Крестьянин, никак не реагируя на эти враждебные выпады «божьих» деспотов, знай себе тянул аркан, наброшенный на его шею. Тянул молча, даже зубами не скрипел. Казалось порой, что ему и вовсе по душе данная катавасия. Так, обливаясь потом, был преодолён первый километр, а за ним и второй. И вот, на рубеже границы хлопкового и макового полей, тяговое устройство вдруг снова посмело расширить пасть и печально запело:
Рождаясь, человек всегда страдает.
Ещё сильней страдает человек,
Когда на склоне лет дух жизненный теряет.
Когда к концу подходит его краткий век.
Совсем страдает, если умирает,
И в середине между тем и тем – страдает.
Страдает, а «за что?» – не понимает,
А сам в ту пору словно свечка тает.
По существу, причины всякие бывают:
Рождаясь – узел прошлой кармы ослабляет,
Грехи из прошлой жизни как бы отмывает.
Когда от старости с косой старуха забирает,
То новый справный узел им завладевает.
А в середине глупость, водрузив на пьедестал,
Упрямо новый рок, он сам себе петляет.
Круг замкнутый, за разом раз даёт повтор,
Ярмо, проверенное временем – затор.
Есть у сестрицы эволюции один приём,
Его художник всемогущий нам нарисовал огнём,
Что выход есть: сойти с избитого пути,
И чехарду страданий из себя снести.
Здесь знание причинное тебе в подмогу,
Не зря оно открыто людям Богом.
Достаточно всего за кромку зацепиться,
В обойме ты, назад уже не возвратиться.
Когда мы Мирозданье с любопытством познаём,
Поверь: внутри себя мы обязательно растём.
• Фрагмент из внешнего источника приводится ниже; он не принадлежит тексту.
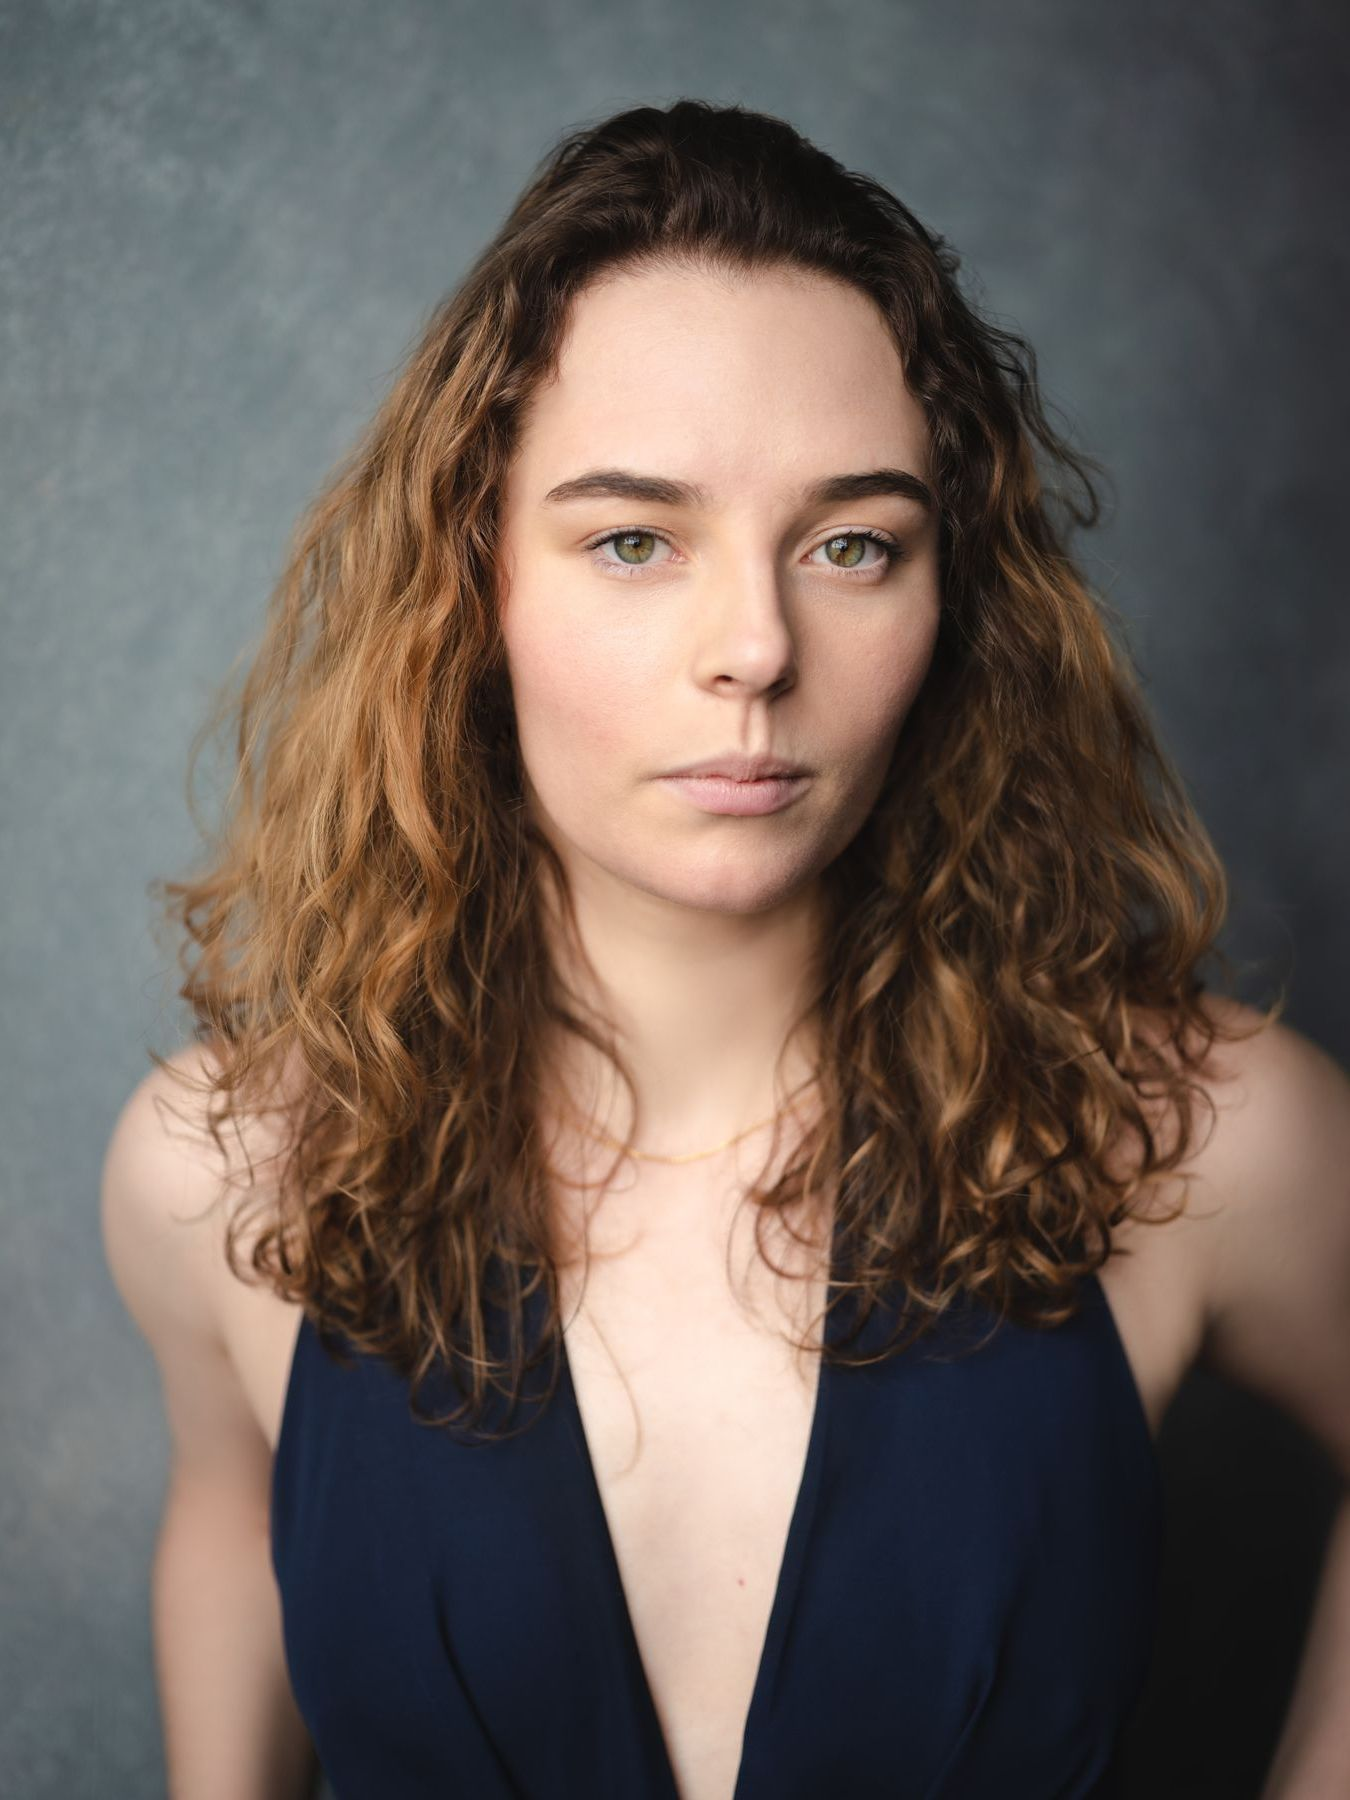 Annika Kordes, Actors Agency Osman, Schauspielagentur

Вот где страданию закроются ворота,
Дела иметь с бесчувственным к нему,
Страданью вроде не с руки да неохота.
На этот раз весельчаки – религиозные деятели, не опрокинули телегу от взрыва хохота, а молча выслушали и молча же проглотили. Один лишь поп не удержался и передразнил землепашца уже своим стишком:
Греховоднику ослу – Анафему! Анафему!
Крестьянин лишь усмехнулся и далее замолчал. Тем делом, петлявшая дорожка уткнулась в перекрестье. Что за чудеса? По одному из притоков тропы двигалась молодая бабёнка с коромыслом через плечо. Подойдя ближе, выяснилось, что это была соседка крестьянина – Сдобушка, она же бабец хоть куды. К своим неполным двадцати годам, Сдобушка вымахала в такую дурнину, что легко и просто разоряла гнёзда шершней голыми руками, перешибала ладонью пополам бревна с одного удара, с рогатиной ходила на медведя, а ноги брила топором – одним словом являлась грозой всех деревенских мужиков. Вот и сейчас предстала Сдобушка с коромыслом, на котором болтались отнюдь не обычные вёдра, а сорокалитровые алюминиевые фляги, причём само коромысло, подобно пушинке, тащила девица всего на одном плече. Угадали ведь двадцать лет тому назад родители с именем. Недаром говорится, как корабль назовёшь, так он и поплывёт. Сдобная получилась Сдобушка, чего греха таить. Буквально на лбу у Сдобушки было прописано, что она Сдобушка. Кровь с молоком – ещё мягко сказано. Клубника в сметане тоже чересчур ванильно. Сталь поджаристая больше всего подойдёт, но и это определение до конца не раскроет весь термоядерный потенциал девицы. Так вот, увидав подобное зрелище, Сдобушка застопорилась как вкопанная.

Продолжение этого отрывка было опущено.